Hi I have a problem with BBA wich is starting to cover my B. japonica which is BTW, a ball more than a foot (in diameter) big, so I would hate to see it gone.Does any one have experience with treating Blyxa?


----------



## Emily6 (Feb 14, 2006)

Yes! It is somewhat delicate- especially near the roots. So what I did when I had algae on mine was fill a lipped bowl with 2% bleach solution and try to just dip the leaves in it, laying the roots over the lip as best you can. 

Leave it for 2 minutes. Set a timer- it's worth the couple seconds!

Blyxa looks like spaghetti when the leaves are killed. If this still toasts the blyxa after replanting (and I can't promise it won't), let the root balls stay in the soil- it'll grow back eventually.

If the roots weren't so great to begin with (not many, that is), float what's left in the tank- I recommend in a mesh bag or nylon stocking. They'll grow new leaves (albeit in the wrong direction). Then replant.

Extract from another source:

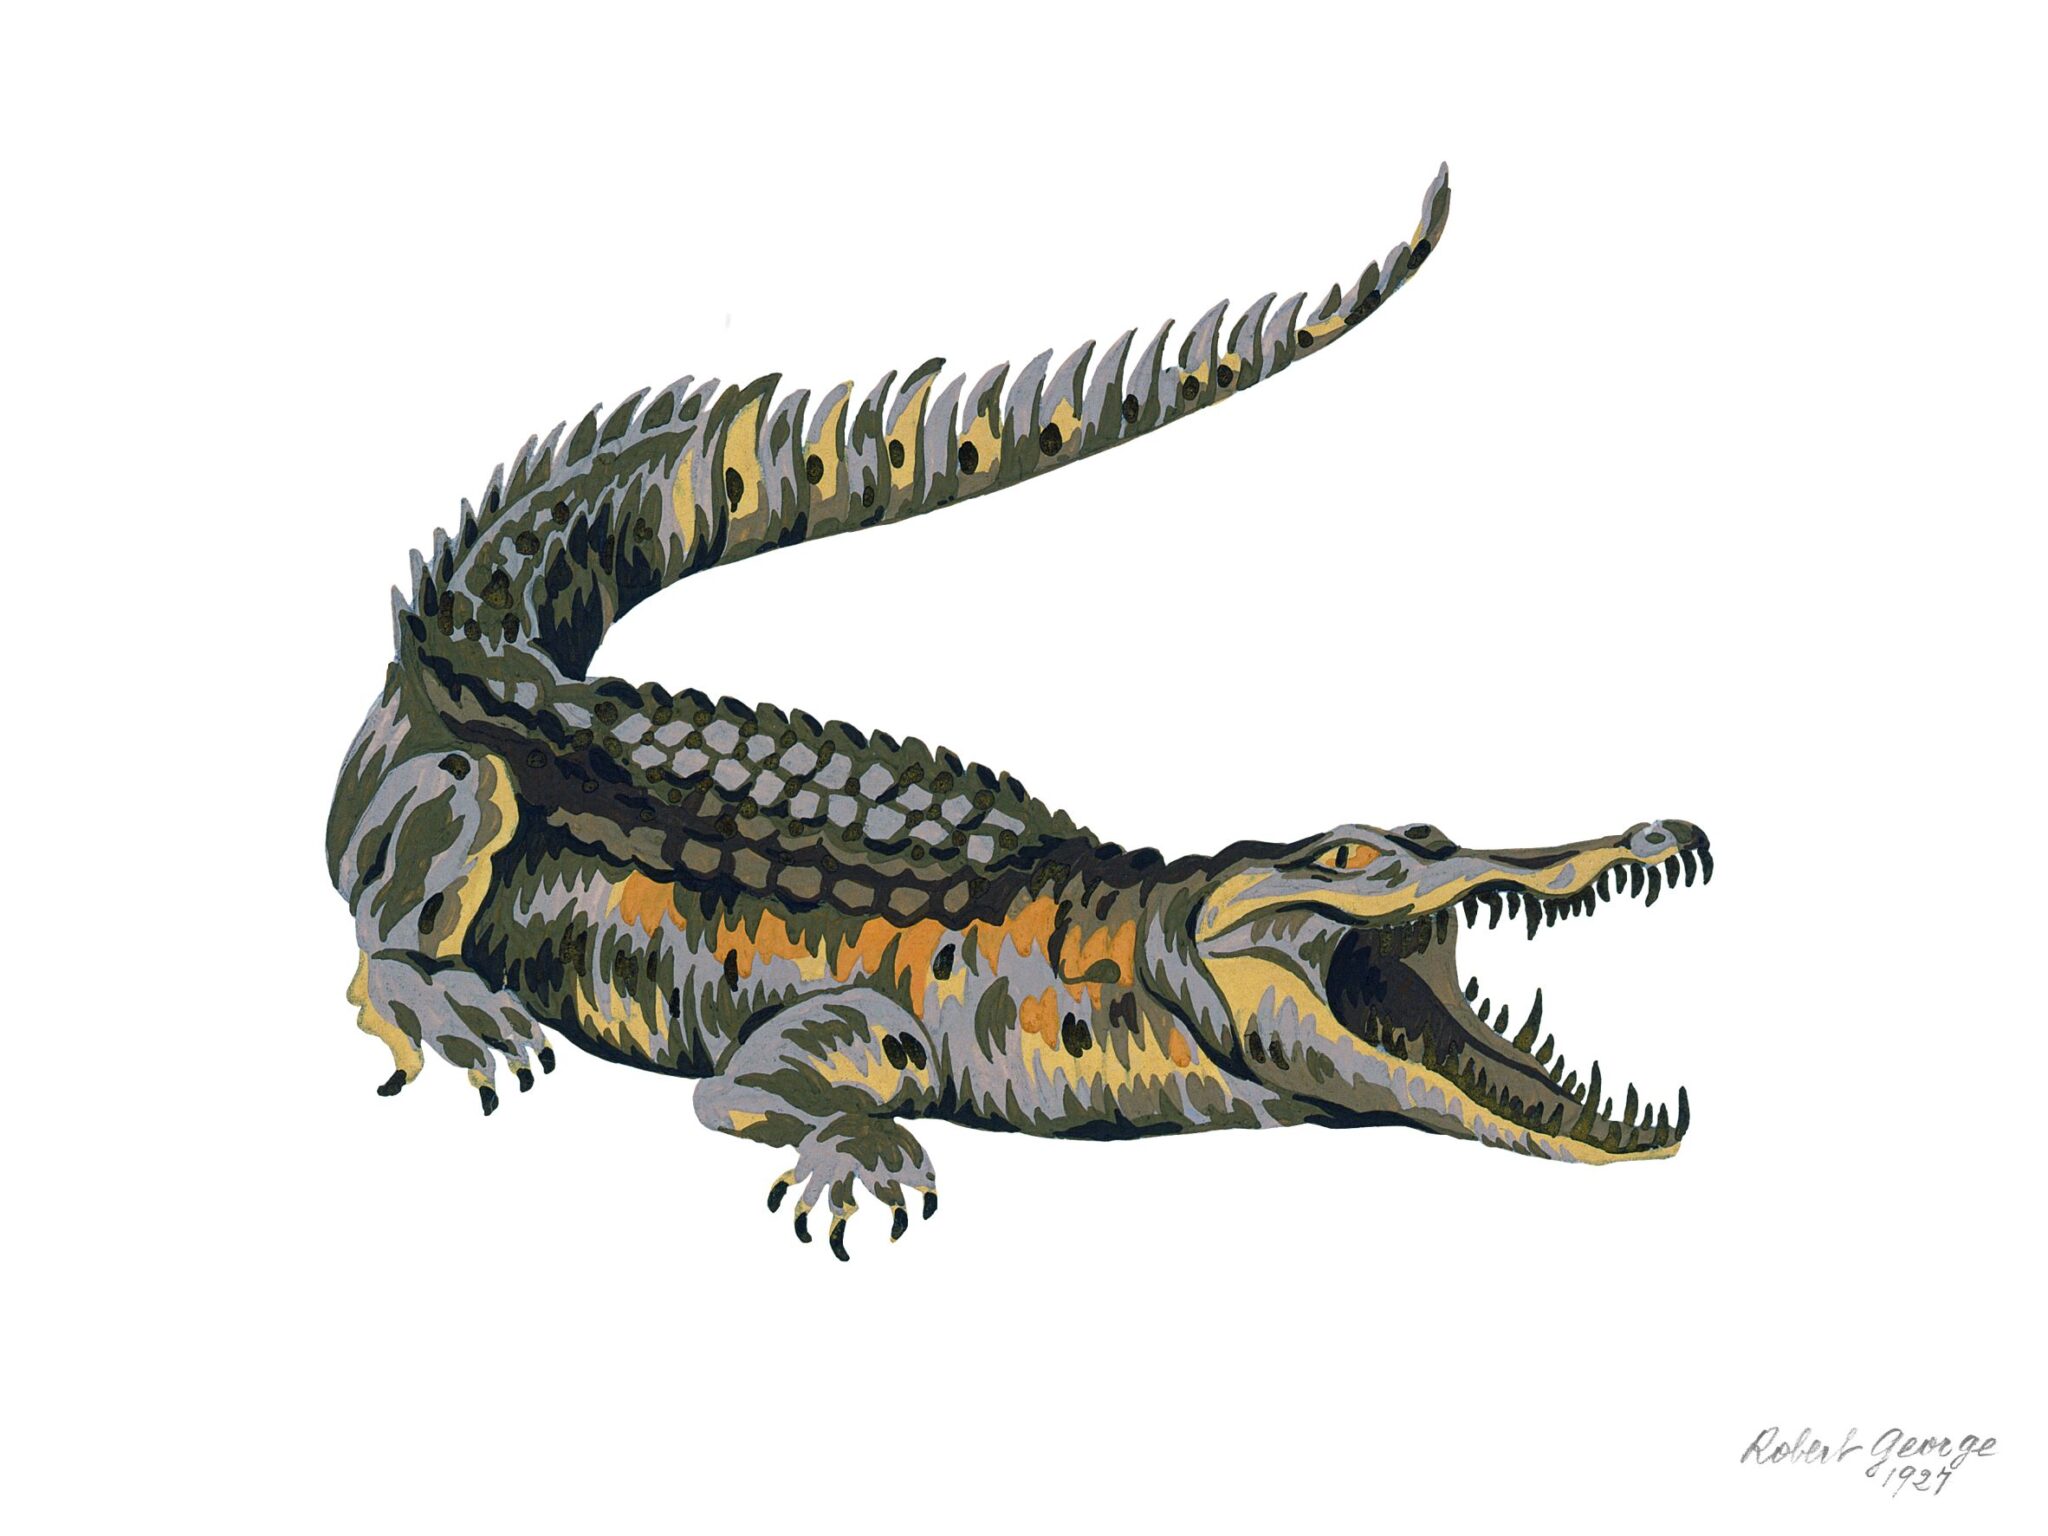 Crocodile de Robert George

ALSO- if all this scares you (and I wouldn't blame you if this was too risky sounding) try hydrogen peroxide spot-treating. Get a dental syringe, fill with H2O2, turn off the filter, squirt- wait an hour- turn the filter back on. It's important that the light is on and watch for bubbling- this is good. Then do a water change.

Good luck! I've done it a bunch and I still have blyxa (even after "killing" it a couple times).


----------